So wie jeden Montag auf den Demos gegen S 21 Demokraten gegen ein Bauwerk kämpfen, das mit allen Gesetzen des Staates gebaut wird. Und gleichzeitig muss ein Bürger Zorn, Ohnmacht und Empörung empfinden, wie wenig die einst blutig vom Volk gegen die Obrigkeit erkämpfte Demokratie wirklich stattfindet und fundierter Widerspruch ungehört bleibt. Mit der täglich anzutreffenden Pressefreiheit um uns herum ist es das Gleiche.

Etwa 60 Redakteurinnen und Redakteure, Beschäftigte, Gewerkschafter protestierten vergangenen Freitag gegen den "Irrweg von Stuttgart", nämlich die beiden Redaktionen von "Stuttgarter Zeitung" und "Stuttgarter Nachrichten" zusammenzulegen – bis zum März 2016. Das ist der Stichmonat für den neu zu wählenden Landtag in Baden-Württemberg.

Pressefreiheit ist nicht umsonst

Es geht um Pressefreiheit in diesem Land, in dieser Stadt, in dieser Politik. Und wenn wir dieses Lebensmittel Pressefreiheit nicht noch mehr verderben lassen wollen, dann müssen wir uns regen. Dabei wird auch mit dem weit verbreiteten Irrtum aufgeräumt werden müssen, dass es Pressefreiheit umsonst gäbe, dass sie nichts koste.

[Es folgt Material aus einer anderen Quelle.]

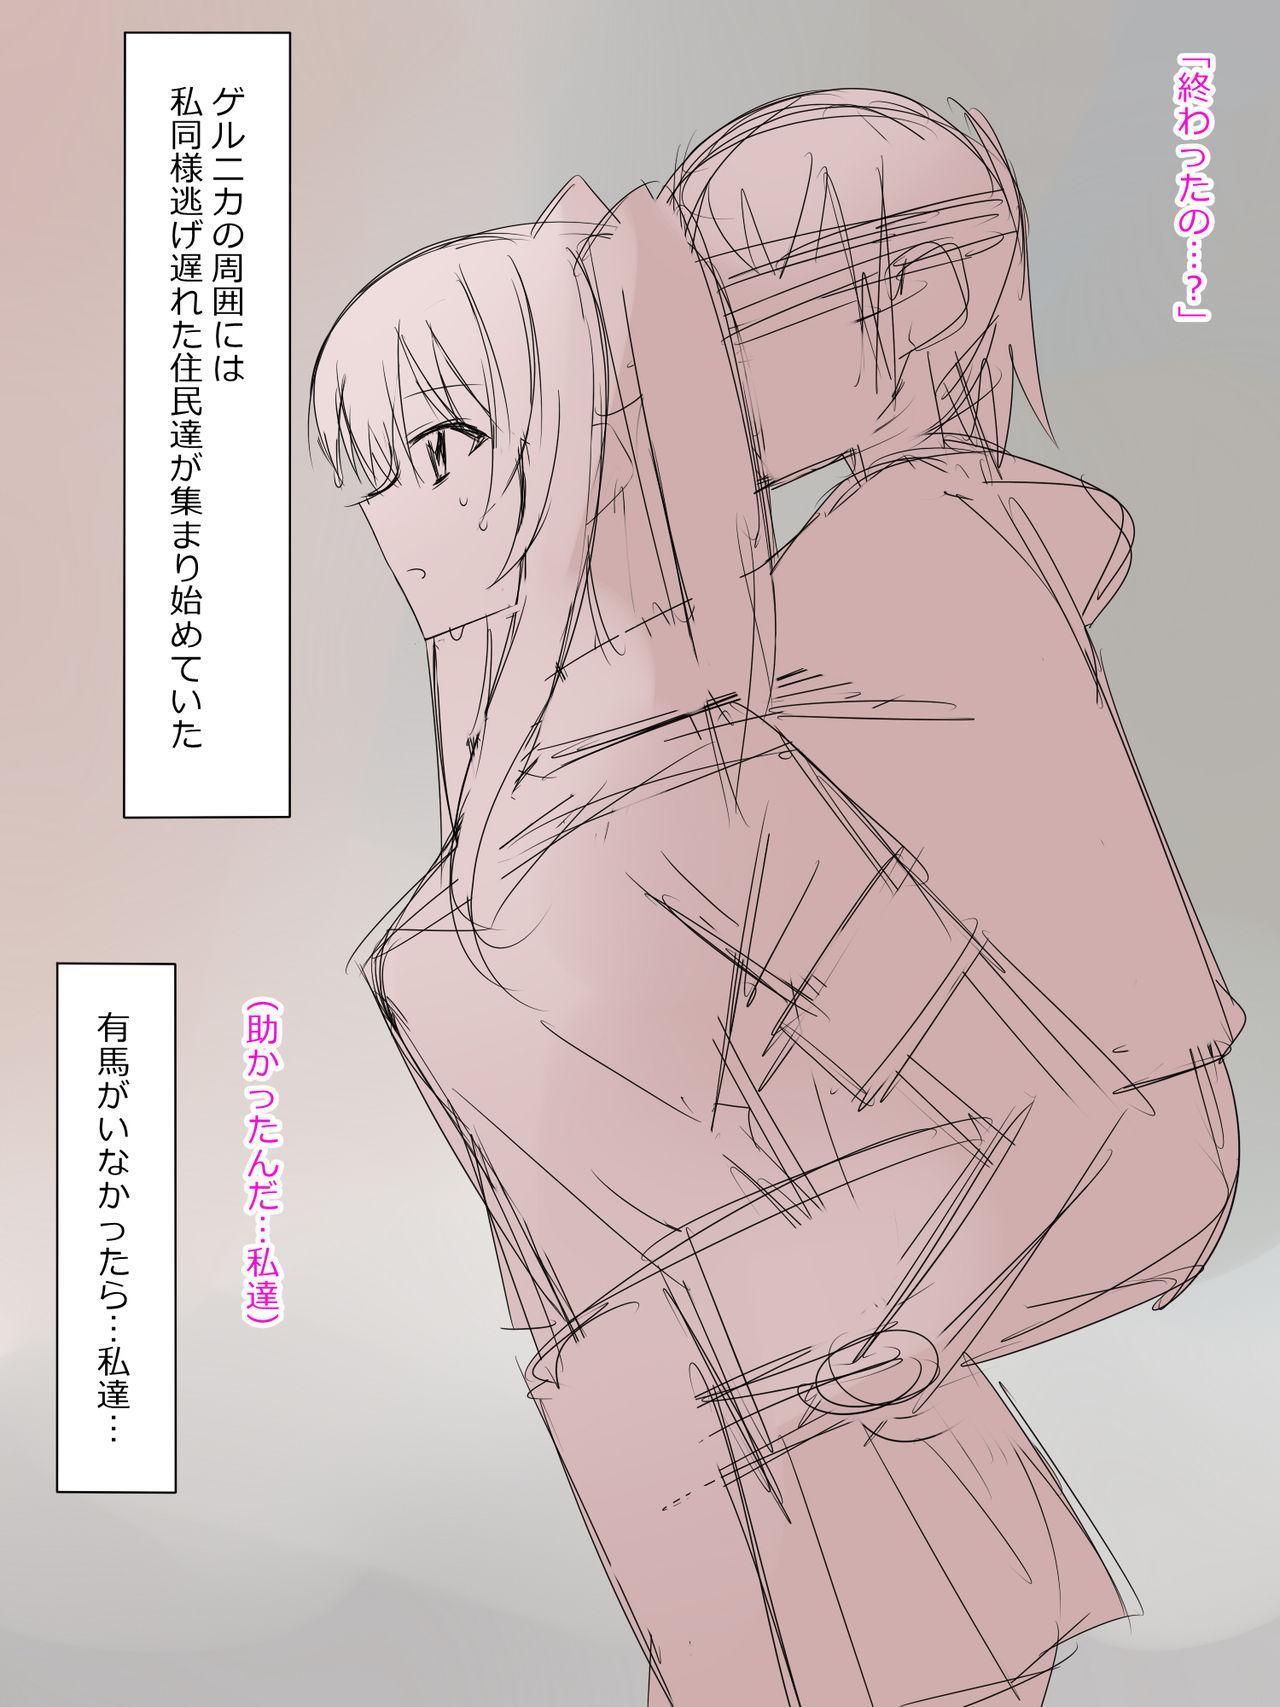 [Kagemusha] Arima-kun to 40-nin no Classmate 21

Pressefreiheit kostet erheblich. Doch der bezahlte Preis für sie fließt nicht in ihre Pflege, sondern zum Zukauf neuer Zeitungen für wenige Konzernbesitzer. Unabhängigkeit in der Pressefreiheit kostet sehr viel. Denn um dem Anspruch der Pressefreiheit zu genügen, braucht es ausreichend vernünftig bezahlte freie Mitarbeiter, Redakteurinnen, Angestellte, Autorinnen, die uns die komplizierte und so vielfach verwobene Welt ablichten und von allen Blickwinkeln nachvollziehbar bewerten.

"David kämpft für Goliath" hat auch zum Ziel, Kontext größer und besser werden zu lassen und dabei alle auch dafür zu begeistern, politisch den Weg zu beschreiten, dass die Rückeroberung der Pressefreiheit in dieser Stadt und in diesem Land gelingt. Und dazu brauchen wir viele Bürgerinnen und Bürger, die dabei helfen, diese Interessen in die Politik zu tragen. Der Landtagswahlkampf ist die beste Zeit, jene, die im Namen der Bürgerinnen und Bürger regieren wollen, beim Wort zu nehmen: Politiker, wie hältst du es mit der Pressefreiheit?

Joachim Dorfs, Chefredakteur der "Stuttgarter Zeitung", hat den Protestierenden vor dem Werkstor des Druckzentrums in Stuttgart-Möhringen mit Überzeugung erklärt, dass der Schritt der Zusammenlegung der beiden Zeitungsredaktionen, die als ein gemeinsames Redaktionsorgan weiter die beiden Zeitungen unterscheidbar bedienen sollen, der erfolgreiche "neue Stuttgarter Weg" sei. Es werden siebenstellige Summen investiert werden, es verlieren auch Beschäftigte ihre Arbeit, aber auch einige wenige, etwa Programmierer, Journalisten, die noch mehr Technik beherrschen, sollen eingestellt werden, um die Zeitung per Papier und online erfolgreich in die Zukunft zu bringen.

Zeitungen als Wurstfabrik

Ein aus der Verlegersicht betriebswirtschaftlich schlüssiges Konzept. Verdi-Landesbezirksleiterin Leni Breymaier, die solidarisch die Protestierenden besuchte, stellte die gleiche Frage, die auch alle Beschäftigen in den Redaktionen der Zeitungen sich stellen: Warum wird der "neue Stuttgarter Weg" nicht mit den Redaktionen, den freien Mitarbeitern im Dialog begangen, warum sind die Abonnenten und Käuferinnen nicht mit einbezogen? Auch wenn dies ein mühsamer Weg ist. Die Pressefreiheit und deren Produkt ist es wert.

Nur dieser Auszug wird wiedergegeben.